**WHAT IS BEING ASKED:** Without including any images, repeat the data exactly.

**AVAILABLE DATA:**
============================================================

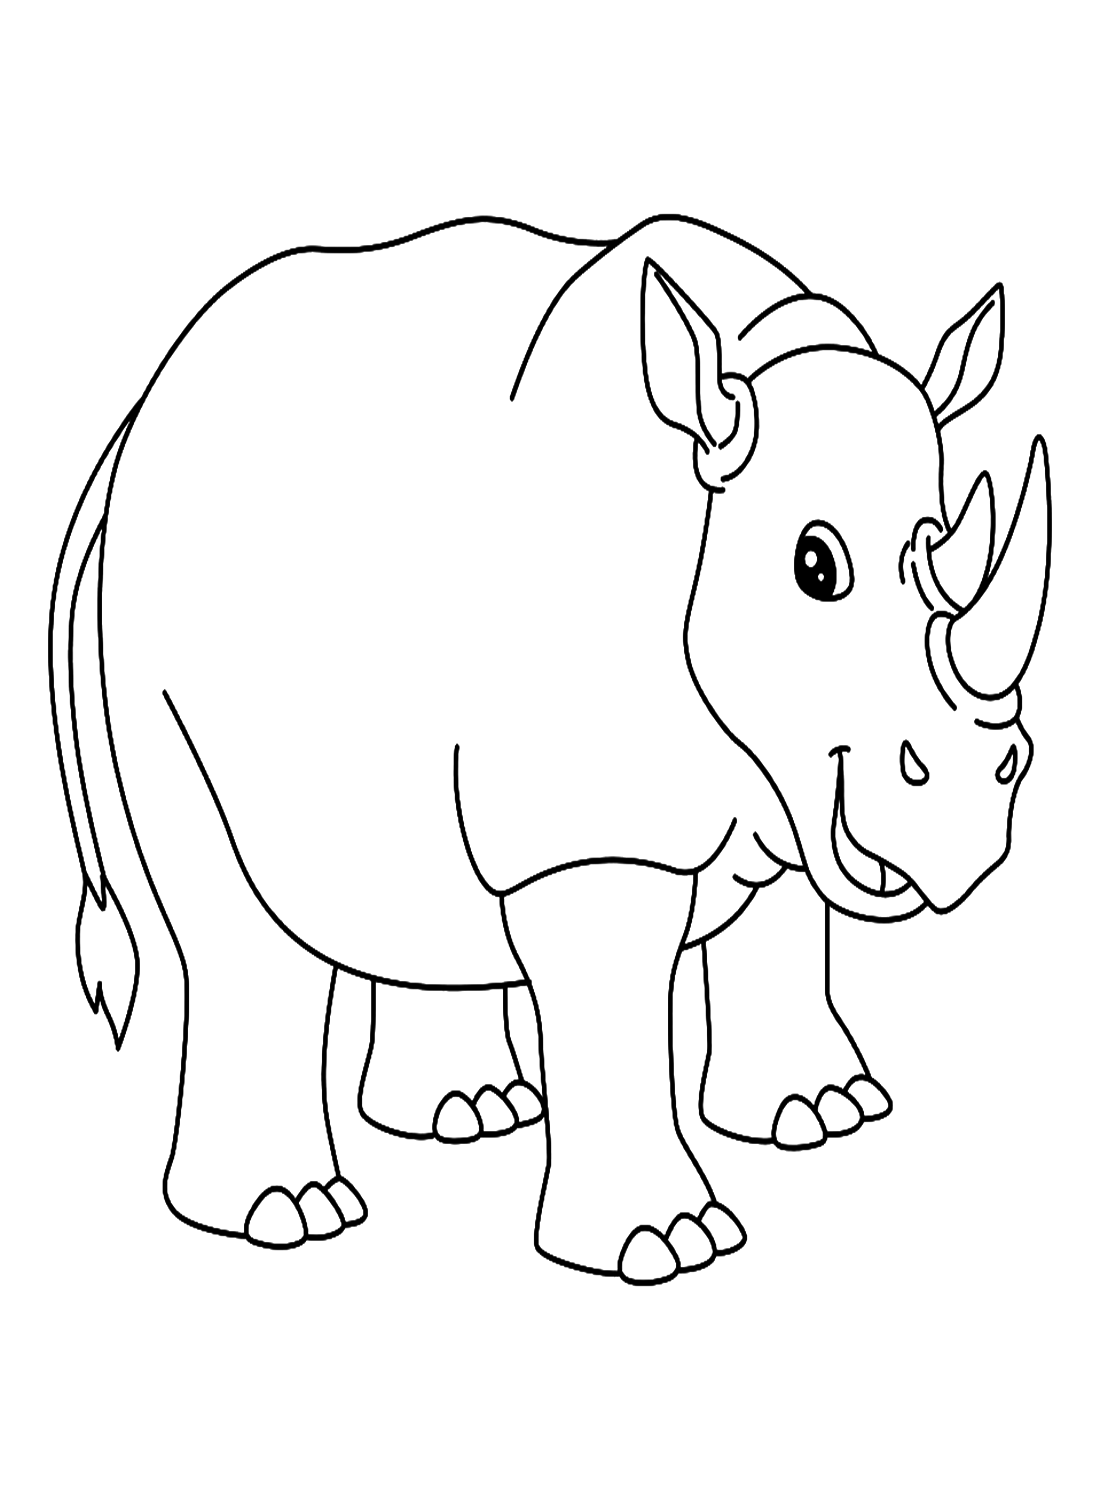 وحيد القرن البسيط من وحيد القرن
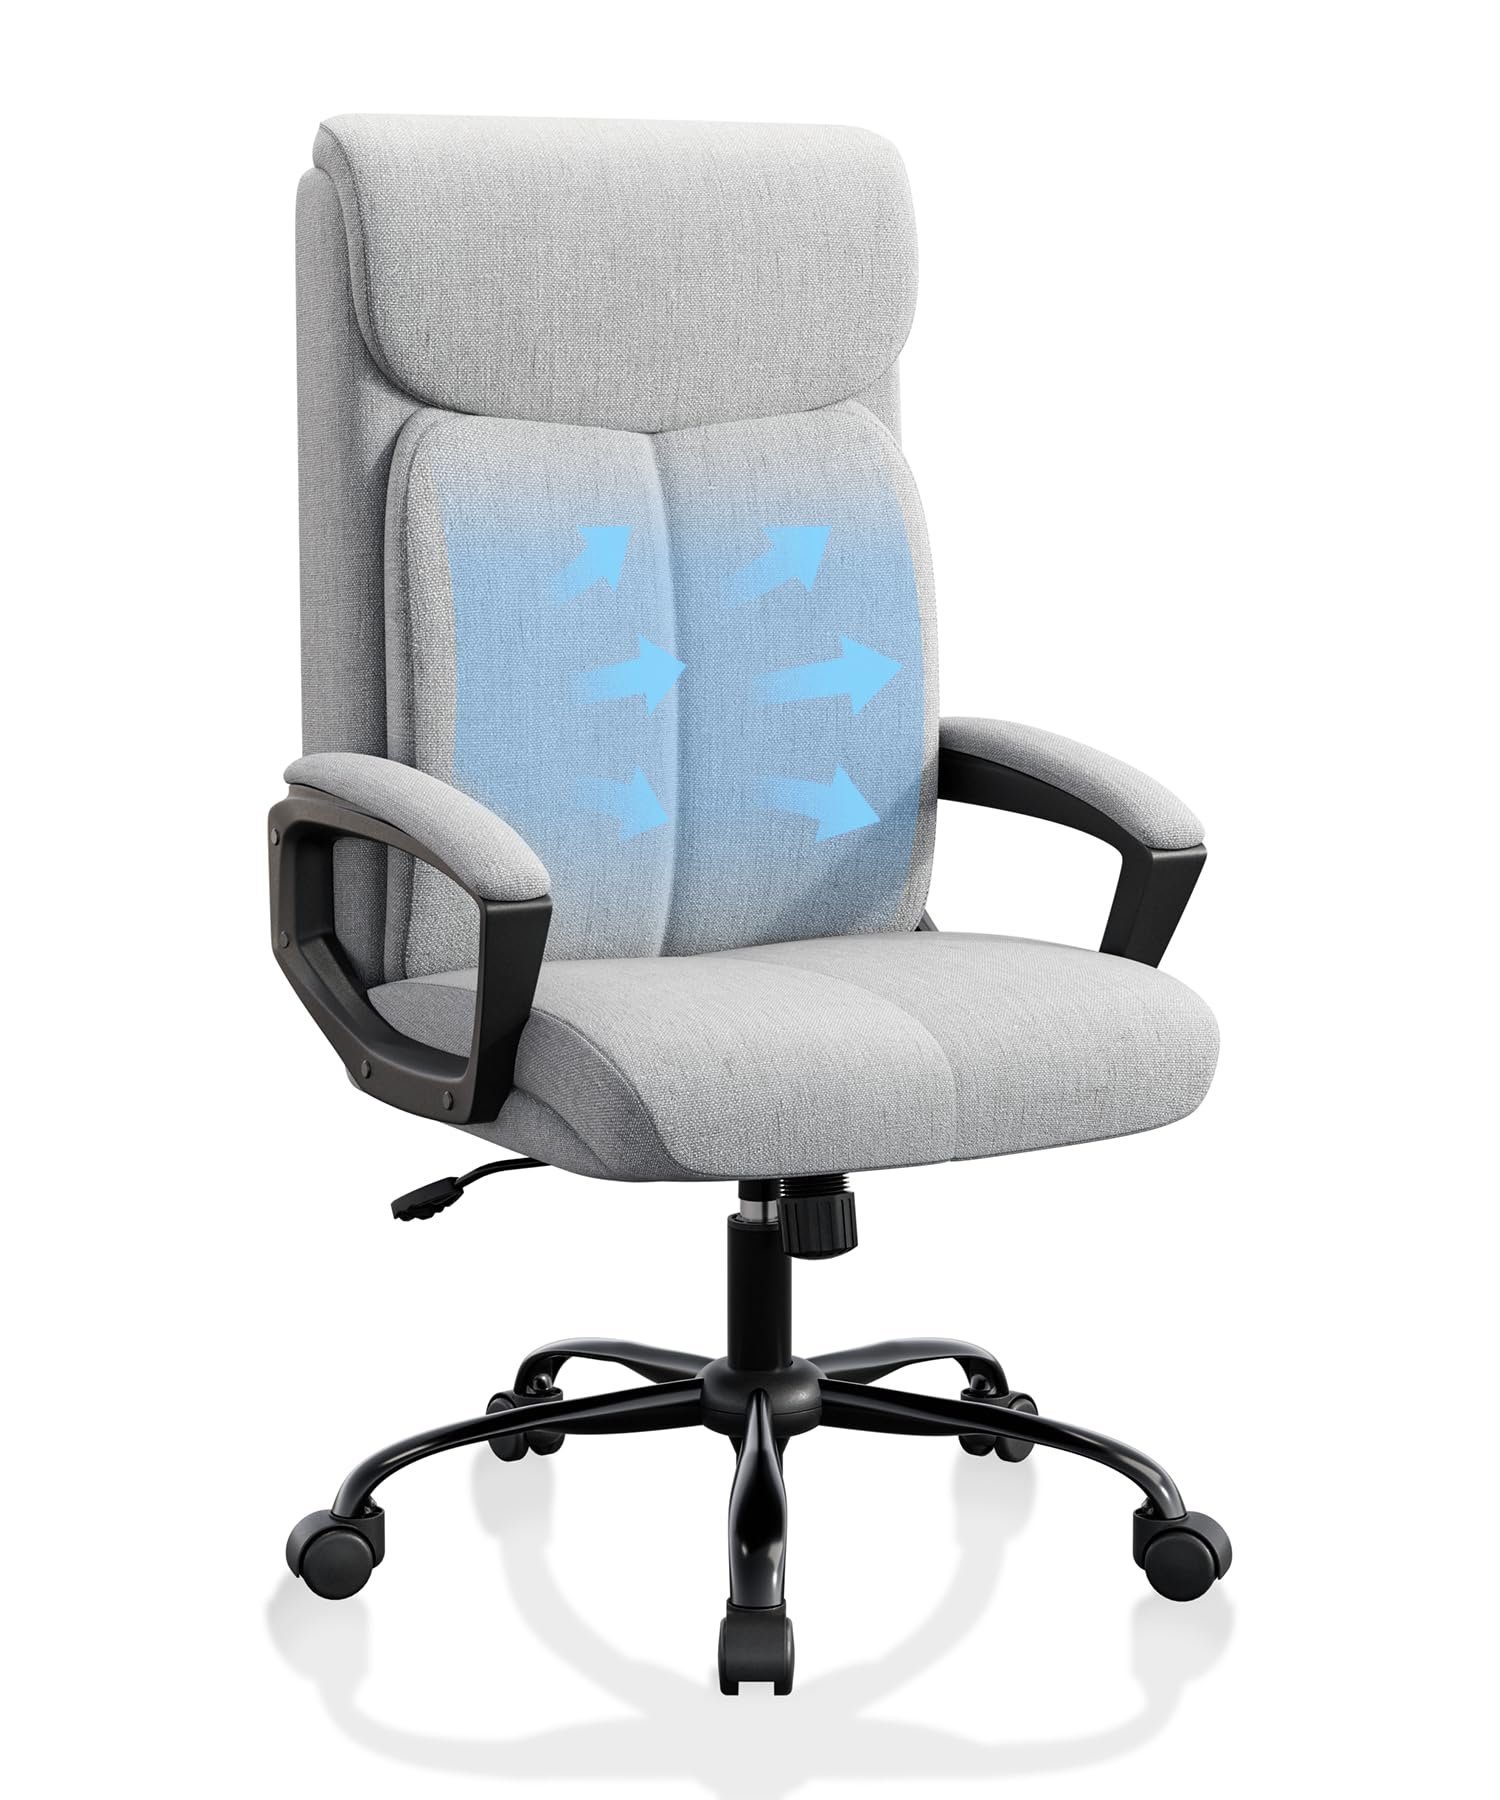 Gaming-Stuhl 90°-110° neigbar, Kopfstütze, drehbar, Armlehnen, Mit Grau Fangqi Rückenlehne Rollen,Hochdichtes Bürostuhl,360° mit leise gepolsterten Netzgewebe
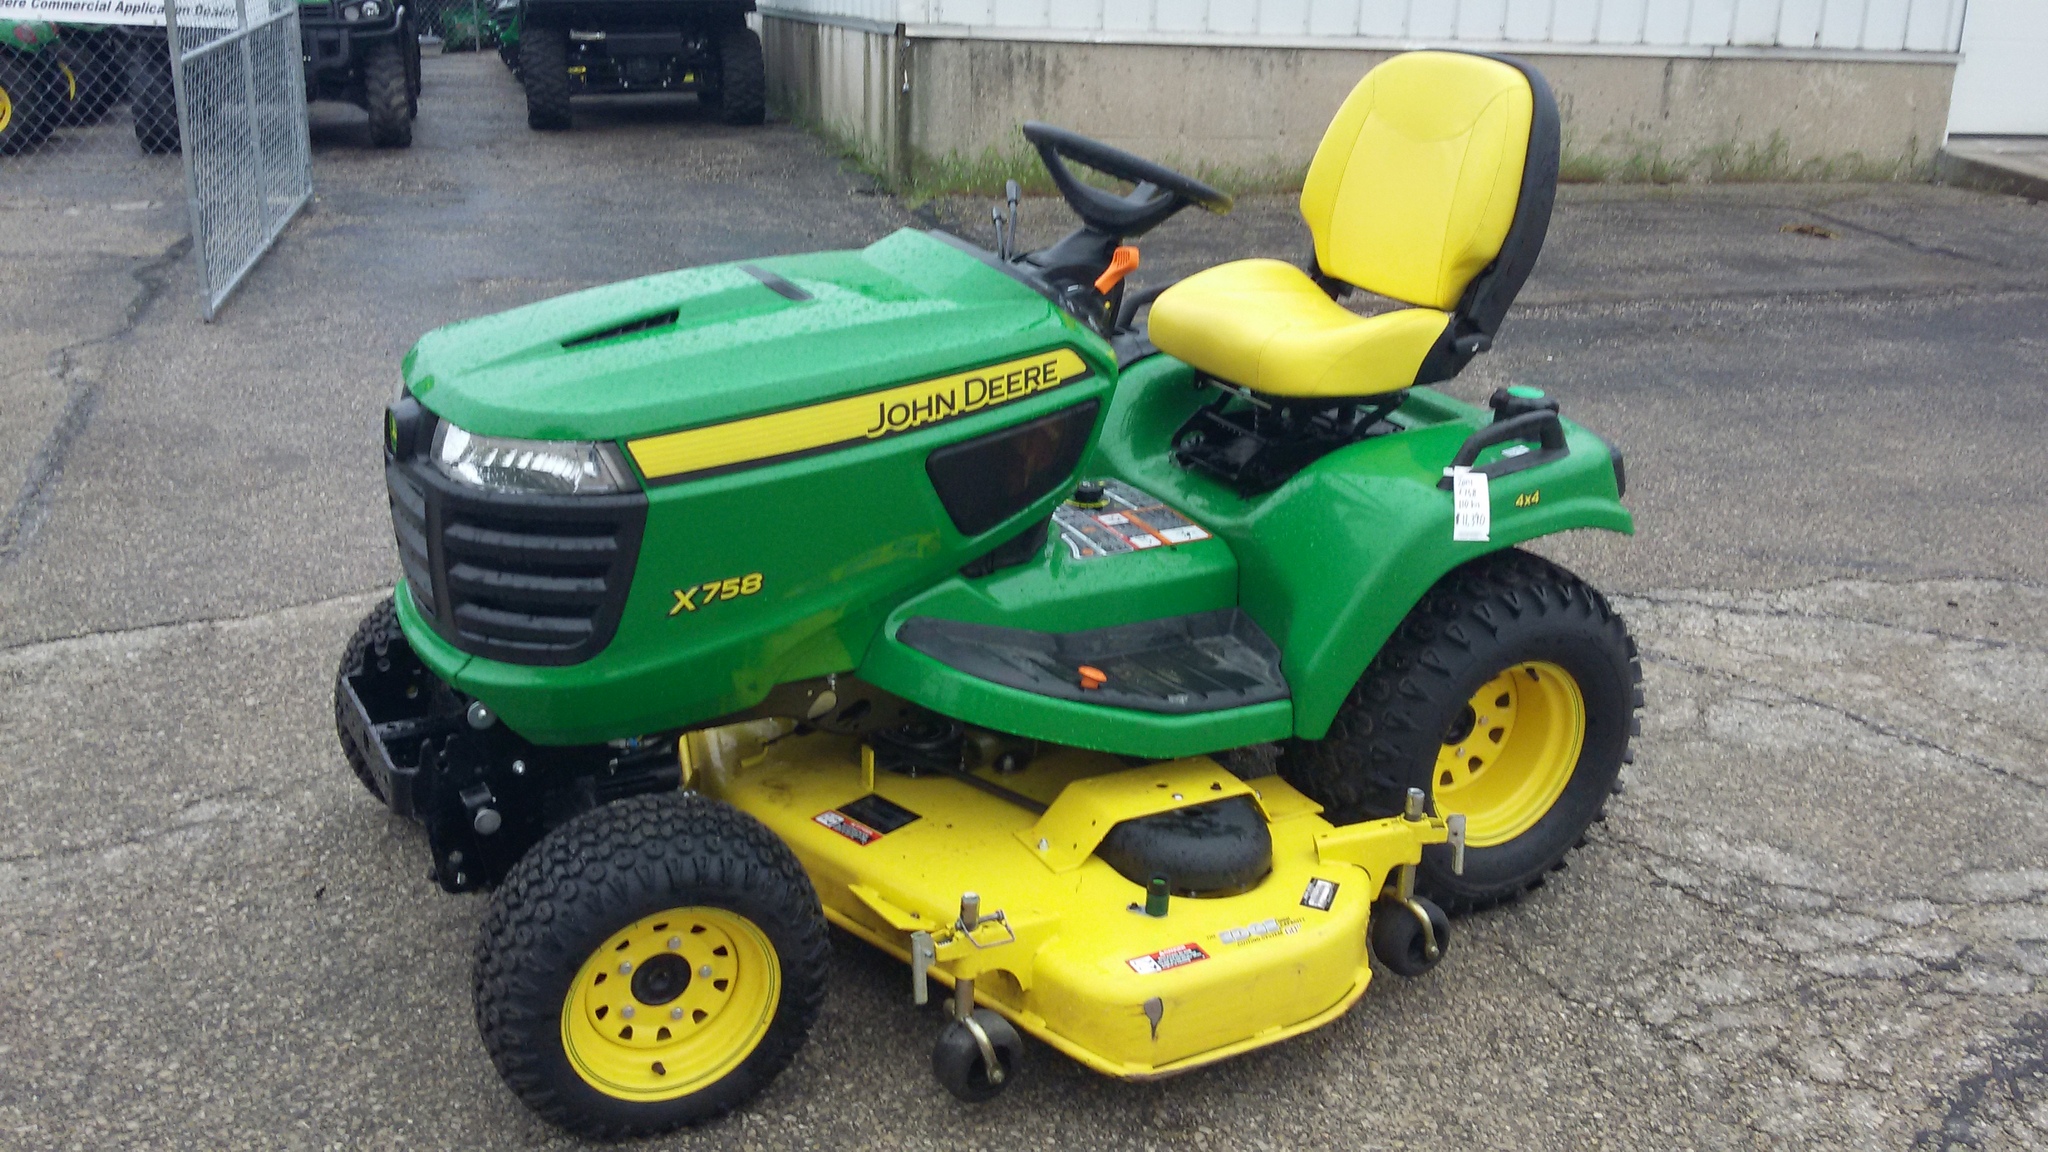 John Deere X758 Lawn & Garden Tractors for Sale | [58865]

============================================================

**RESULT OF THIS TASK:**
 وحيد القرن البسيط من وحيد القرن
 Gaming-Stuhl 90°-110° neigbar, Kopfstütze, drehbar, Armlehnen, Mit Grau Fangqi Rückenlehne Rollen,Hochdichtes Bürostuhl,360° mit leise gepolsterten Netzgewebe
 John Deere X758 Lawn & Garden Tractors for Sale | [58865]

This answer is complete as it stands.